Too much food cramps space for Marawi evacuees

In this June 9, 2017, photo, evacuees stay at a crowded evacuation center on the outskirts of Marawi City, Mindanao. (AP Photo/Aaron Favila)

ILIGAN CITY — Evacuees at certain evacuation centers here and two provinces have been bickering over their shrinking living spaces.

“Blame it on the large volume of food they have been receiving since the crisis in Marawi City started,” said social welfare volunteer Mariam Calbe, also camp manager at Iligan City National School of Fisheries, which serves as an evacuation center.

Calbe said the 836 evacuees at the school in Barangay Buru-un regularly complained about neighbors keeping sacks of food they received the past weeks in the spaces they claimed.

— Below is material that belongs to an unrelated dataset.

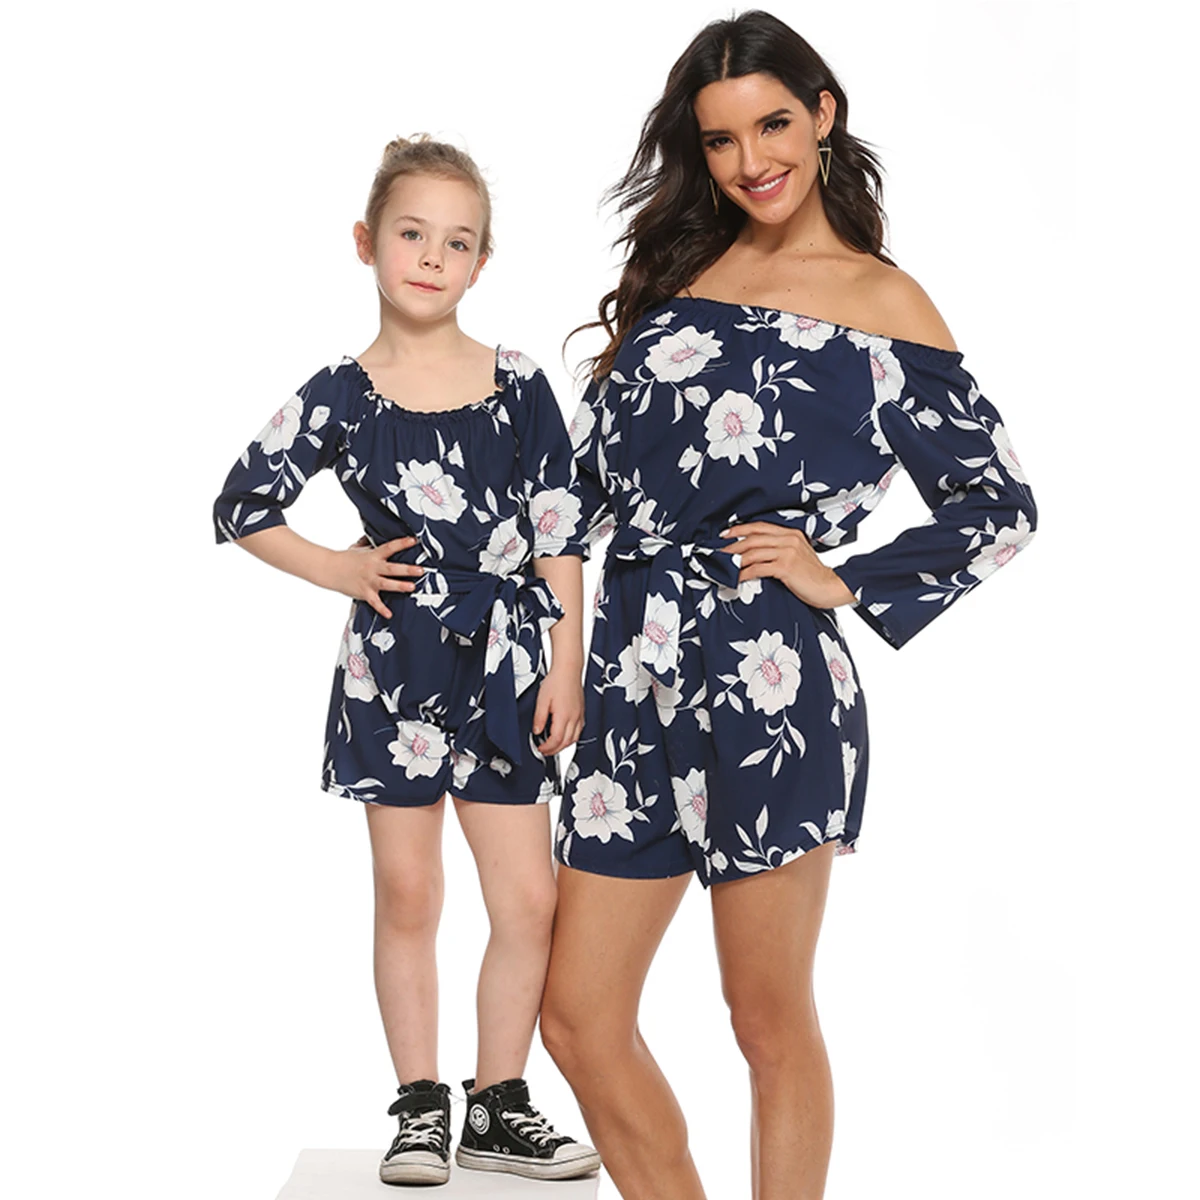 

Комплект «Mommy and Me» пояс с цветочным рисунком комбинезон семейная одежда с длинными рукавами летние комбинезоны комбинезон платье для мамы ...

“They say their neighbors were already intruding and that would start more bickering,” she said.

It was the same situation at the evacuation center in Barangay Maria Cristina here, an evacuation center in Balo-i, Lanao del Norte, and another in Saguiaran, Lanao del Sur.

At the Maria Cristina evacuation center, camp manager Fatima Salbo said the evacuees had more than enough food that space had become a problem as more supplies arrived at regular intervals.

‘Abundant food’

The Inquirer saw some families with fewer members than those of other households stocking up on rice and noodles and canned goods, which were kept in sacks.

“We have abundant food here,” said Tarhata Mustari, 23.

Vice Mayor Mustapa Ali of Balo-i town also confirmed that the 990 evacuees in his area were not wanting in relief goods.

But at Mahad Al Nor in Ceanuri village here, Rohaira Ampa could only wish one of the supply trucks seen passing by on Friday stopped and social welfare volunteers had distributed food to her family and some 300 other families encamped in the Arabic school.

“It’s always like that. They would stop for a moment but then somebody would say they got the wrong place. I don’t know,” Ampa said.

But she said the evacuees were not starving though as some groups would also come and give them food.

“It is just that our supply would last only until the next group comes. But a relative staying in a larger evacuation center told me they had more food than they could probably consume in weeks,” she said.

Zia Alonto-Adiong, spokesperson for the Lanao del Sur crisis management council, said the council would look into the complaints.